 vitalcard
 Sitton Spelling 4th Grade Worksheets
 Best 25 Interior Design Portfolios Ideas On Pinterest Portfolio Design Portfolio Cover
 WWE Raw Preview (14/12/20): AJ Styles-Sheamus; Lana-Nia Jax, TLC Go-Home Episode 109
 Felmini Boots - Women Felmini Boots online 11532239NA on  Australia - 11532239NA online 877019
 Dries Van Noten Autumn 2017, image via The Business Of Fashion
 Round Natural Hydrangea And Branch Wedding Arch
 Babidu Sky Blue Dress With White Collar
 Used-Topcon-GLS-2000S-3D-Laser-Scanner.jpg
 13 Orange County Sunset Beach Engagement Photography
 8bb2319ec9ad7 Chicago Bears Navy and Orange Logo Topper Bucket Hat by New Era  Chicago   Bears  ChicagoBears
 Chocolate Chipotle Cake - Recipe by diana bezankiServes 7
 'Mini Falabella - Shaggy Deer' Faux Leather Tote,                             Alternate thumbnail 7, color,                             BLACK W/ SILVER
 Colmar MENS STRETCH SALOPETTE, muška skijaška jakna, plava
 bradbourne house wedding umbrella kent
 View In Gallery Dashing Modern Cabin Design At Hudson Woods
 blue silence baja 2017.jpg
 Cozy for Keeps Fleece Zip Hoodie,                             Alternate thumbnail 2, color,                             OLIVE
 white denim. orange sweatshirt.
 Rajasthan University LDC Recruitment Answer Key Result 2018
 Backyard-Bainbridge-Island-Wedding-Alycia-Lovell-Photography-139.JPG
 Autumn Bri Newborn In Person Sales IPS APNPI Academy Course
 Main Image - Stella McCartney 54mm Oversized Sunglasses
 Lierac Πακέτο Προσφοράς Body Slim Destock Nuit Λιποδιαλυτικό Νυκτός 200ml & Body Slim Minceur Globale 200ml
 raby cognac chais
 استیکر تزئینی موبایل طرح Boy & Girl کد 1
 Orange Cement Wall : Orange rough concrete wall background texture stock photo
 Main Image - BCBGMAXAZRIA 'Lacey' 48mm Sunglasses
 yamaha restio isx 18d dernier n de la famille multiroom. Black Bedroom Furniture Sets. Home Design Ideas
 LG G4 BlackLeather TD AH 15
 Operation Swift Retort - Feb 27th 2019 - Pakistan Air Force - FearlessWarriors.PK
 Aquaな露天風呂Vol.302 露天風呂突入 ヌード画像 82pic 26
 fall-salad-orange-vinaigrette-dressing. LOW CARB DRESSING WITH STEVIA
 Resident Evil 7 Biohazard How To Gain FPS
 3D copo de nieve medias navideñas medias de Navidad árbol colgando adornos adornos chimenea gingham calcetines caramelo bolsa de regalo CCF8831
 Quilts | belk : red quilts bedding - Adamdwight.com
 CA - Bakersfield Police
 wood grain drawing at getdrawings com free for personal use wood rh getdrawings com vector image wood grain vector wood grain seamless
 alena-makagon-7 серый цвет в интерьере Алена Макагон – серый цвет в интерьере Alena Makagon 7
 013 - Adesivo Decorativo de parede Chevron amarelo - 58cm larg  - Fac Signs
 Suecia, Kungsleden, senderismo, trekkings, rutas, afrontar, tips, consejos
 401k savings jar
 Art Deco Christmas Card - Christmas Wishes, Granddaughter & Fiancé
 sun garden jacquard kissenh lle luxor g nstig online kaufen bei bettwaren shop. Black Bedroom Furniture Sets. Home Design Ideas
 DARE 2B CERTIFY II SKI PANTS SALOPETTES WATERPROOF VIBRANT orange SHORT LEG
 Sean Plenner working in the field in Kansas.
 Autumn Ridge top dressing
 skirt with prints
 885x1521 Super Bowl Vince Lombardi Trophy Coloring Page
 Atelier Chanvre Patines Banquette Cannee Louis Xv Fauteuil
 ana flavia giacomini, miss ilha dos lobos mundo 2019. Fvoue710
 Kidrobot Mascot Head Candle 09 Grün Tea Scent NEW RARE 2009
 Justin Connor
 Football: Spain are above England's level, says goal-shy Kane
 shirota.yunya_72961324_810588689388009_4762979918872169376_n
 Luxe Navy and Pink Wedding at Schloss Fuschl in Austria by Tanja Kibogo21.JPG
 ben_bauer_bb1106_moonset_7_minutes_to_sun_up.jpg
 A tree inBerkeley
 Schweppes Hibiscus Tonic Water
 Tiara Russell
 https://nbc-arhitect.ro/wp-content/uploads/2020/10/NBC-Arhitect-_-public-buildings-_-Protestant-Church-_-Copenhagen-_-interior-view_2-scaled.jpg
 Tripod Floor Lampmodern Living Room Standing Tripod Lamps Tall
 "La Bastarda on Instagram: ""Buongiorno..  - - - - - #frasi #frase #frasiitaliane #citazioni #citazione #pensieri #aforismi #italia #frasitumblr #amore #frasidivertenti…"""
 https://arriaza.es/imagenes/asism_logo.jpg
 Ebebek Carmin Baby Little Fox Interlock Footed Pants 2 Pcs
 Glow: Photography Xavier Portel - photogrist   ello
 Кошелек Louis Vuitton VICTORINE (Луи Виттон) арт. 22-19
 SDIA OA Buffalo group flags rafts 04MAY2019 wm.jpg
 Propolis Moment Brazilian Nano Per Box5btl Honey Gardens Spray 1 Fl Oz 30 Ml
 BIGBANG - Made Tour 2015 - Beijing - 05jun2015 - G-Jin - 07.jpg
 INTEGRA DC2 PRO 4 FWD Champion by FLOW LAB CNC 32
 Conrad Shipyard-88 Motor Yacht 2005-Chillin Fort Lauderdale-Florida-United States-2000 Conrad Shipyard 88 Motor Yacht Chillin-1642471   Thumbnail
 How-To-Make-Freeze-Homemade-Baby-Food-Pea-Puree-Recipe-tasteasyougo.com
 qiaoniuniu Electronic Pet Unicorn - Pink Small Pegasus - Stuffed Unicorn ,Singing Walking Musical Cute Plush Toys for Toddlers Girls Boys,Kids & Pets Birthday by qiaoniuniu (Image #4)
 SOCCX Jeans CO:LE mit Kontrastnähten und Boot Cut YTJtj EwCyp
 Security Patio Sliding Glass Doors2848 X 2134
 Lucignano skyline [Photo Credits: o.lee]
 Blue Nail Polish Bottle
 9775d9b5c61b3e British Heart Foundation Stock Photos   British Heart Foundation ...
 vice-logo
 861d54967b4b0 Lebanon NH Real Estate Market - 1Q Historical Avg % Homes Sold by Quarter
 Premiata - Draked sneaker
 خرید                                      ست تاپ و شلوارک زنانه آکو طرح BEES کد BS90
━━━━━━━━━━━━━━━━
■ **The problem**: Every line of the material must be returned exactly as it appears.

■ **Written solution**:
 vitalcard
 Sitton Spelling 4th Grade Worksheets
 Best 25 Interior Design Portfolios Ideas On Pinterest Portfolio Design Portfolio Cover
 WWE Raw Preview (14/12/20): AJ Styles-Sheamus; Lana-Nia Jax, TLC Go-Home Episode 109
 Felmini Boots - Women Felmini Boots online 11532239NA on  Australia - 11532239NA online 877019
 Dries Van Noten Autumn 2017, image via The Business Of Fashion
 Round Natural Hydrangea And Branch Wedding Arch
 Babidu Sky Blue Dress With White Collar
 Used-Topcon-GLS-2000S-3D-Laser-Scanner.jpg
 13 Orange County Sunset Beach Engagement Photography
 8bb2319ec9ad7 Chicago Bears Navy and Orange Logo Topper Bucket Hat by New Era  Chicago   Bears  ChicagoBears
 Chocolate Chipotle Cake - Recipe by diana bezankiServes 7
 'Mini Falabella - Shaggy Deer' Faux Leather Tote,                             Alternate thumbnail 7, color,                             BLACK W/ SILVER
 Colmar MENS STRETCH SALOPETTE, muška skijaška jakna, plava
 bradbourne house wedding umbrella kent
 View In Gallery Dashing Modern Cabin Design At Hudson Woods
 blue silence baja 2017.jpg
 Cozy for Keeps Fleece Zip Hoodie,                             Alternate thumbnail 2, color,                             OLIVE
 white denim. orange sweatshirt.
 Rajasthan University LDC Recruitment Answer Key Result 2018
 Backyard-Bainbridge-Island-Wedding-Alycia-Lovell-Photography-139.JPG
 Autumn Bri Newborn In Person Sales IPS APNPI Academy Course
 Main Image - Stella McCartney 54mm Oversized Sunglasses
 Lierac Πακέτο Προσφοράς Body Slim Destock Nuit Λιποδιαλυτικό Νυκτός 200ml & Body Slim Minceur Globale 200ml
 raby cognac chais
 استیکر تزئینی موبایل طرح Boy & Girl کد 1
 Orange Cement Wall : Orange rough concrete wall background texture stock photo
 Main Image - BCBGMAXAZRIA 'Lacey' 48mm Sunglasses
 yamaha restio isx 18d dernier n de la famille multiroom. Black Bedroom Furniture Sets. Home Design Ideas
 LG G4 BlackLeather TD AH 15
 Operation Swift Retort - Feb 27th 2019 - Pakistan Air Force - FearlessWarriors.PK
 Aquaな露天風呂Vol.302 露天風呂突入 ヌード画像 82pic 26
 fall-salad-orange-vinaigrette-dressing. LOW CARB DRESSING WITH STEVIA
 Resident Evil 7 Biohazard How To Gain FPS
 3D copo de nieve medias navideñas medias de Navidad árbol colgando adornos adornos chimenea gingham calcetines caramelo bolsa de regalo CCF8831
 Quilts | belk : red quilts bedding - Adamdwight.com
 CA - Bakersfield Police
 wood grain drawing at getdrawings com free for personal use wood rh getdrawings com vector image wood grain vector wood grain seamless
 alena-makagon-7 серый цвет в интерьере Алена Макагон – серый цвет в интерьере Alena Makagon 7
 013 - Adesivo Decorativo de parede Chevron amarelo - 58cm larg  - Fac Signs
 Suecia, Kungsleden, senderismo, trekkings, rutas, afrontar, tips, consejos
 401k savings jar
 Art Deco Christmas Card - Christmas Wishes, Granddaughter & Fiancé
 sun garden jacquard kissenh lle luxor g nstig online kaufen bei bettwaren shop. Black Bedroom Furniture Sets. Home Design Ideas
 DARE 2B CERTIFY II SKI PANTS SALOPETTES WATERPROOF VIBRANT orange SHORT LEG
 Sean Plenner working in the field in Kansas.
 Autumn Ridge top dressing
 skirt with prints
 885x1521 Super Bowl Vince Lombardi Trophy Coloring Page
 Atelier Chanvre Patines Banquette Cannee Louis Xv Fauteuil
 ana flavia giacomini, miss ilha dos lobos mundo 2019. Fvoue710
 Kidrobot Mascot Head Candle 09 Grün Tea Scent NEW RARE 2009
 Justin Connor
 Football: Spain are above England's level, says goal-shy Kane
 shirota.yunya_72961324_810588689388009_4762979918872169376_n
 Luxe Navy and Pink Wedding at Schloss Fuschl in Austria by Tanja Kibogo21.JPG
 ben_bauer_bb1106_moonset_7_minutes_to_sun_up.jpg
 A tree inBerkeley
 Schweppes Hibiscus Tonic Water
 Tiara Russell
 https://nbc-arhitect.ro/wp-content/uploads/2020/10/NBC-Arhitect-_-public-buildings-_-Protestant-Church-_-Copenhagen-_-interior-view_2-scaled.jpg
 Tripod Floor Lampmodern Living Room Standing Tripod Lamps Tall
 "La Bastarda on Instagram: ""Buongiorno..  - - - - - #frasi #frase #frasiitaliane #citazioni #citazione #pensieri #aforismi #italia #frasitumblr #amore #frasidivertenti…"""
 https://arriaza.es/imagenes/asism_logo.jpg
 Ebebek Carmin Baby Little Fox Interlock Footed Pants 2 Pcs
 Glow: Photography Xavier Portel - photogrist   ello
 Кошелек Louis Vuitton VICTORINE (Луи Виттон) арт. 22-19
 SDIA OA Buffalo group flags rafts 04MAY2019 wm.jpg
 Propolis Moment Brazilian Nano Per Box5btl Honey Gardens Spray 1 Fl Oz 30 Ml
 BIGBANG - Made Tour 2015 - Beijing - 05jun2015 - G-Jin - 07.jpg
 INTEGRA DC2 PRO 4 FWD Champion by FLOW LAB CNC 32
 Conrad Shipyard-88 Motor Yacht 2005-Chillin Fort Lauderdale-Florida-United States-2000 Conrad Shipyard 88 Motor Yacht Chillin-1642471   Thumbnail
 How-To-Make-Freeze-Homemade-Baby-Food-Pea-Puree-Recipe-tasteasyougo.com
 qiaoniuniu Electronic Pet Unicorn - Pink Small Pegasus - Stuffed Unicorn ,Singing Walking Musical Cute Plush Toys for Toddlers Girls Boys,Kids & Pets Birthday by qiaoniuniu (Image #4)
 SOCCX Jeans CO:LE mit Kontrastnähten und Boot Cut YTJtj EwCyp
 Security Patio Sliding Glass Doors2848 X 2134
 Lucignano skyline [Photo Credits: o.lee]
 Blue Nail Polish Bottle
 9775d9b5c61b3e British Heart Foundation Stock Photos   British Heart Foundation ...
 vice-logo
 861d54967b4b0 Lebanon NH Real Estate Market - 1Q Historical Avg % Homes Sold by Quarter
 Premiata - Draked sneaker
 خرید                                      ست تاپ و شلوارک زنانه آکو طرح BEES کد BS90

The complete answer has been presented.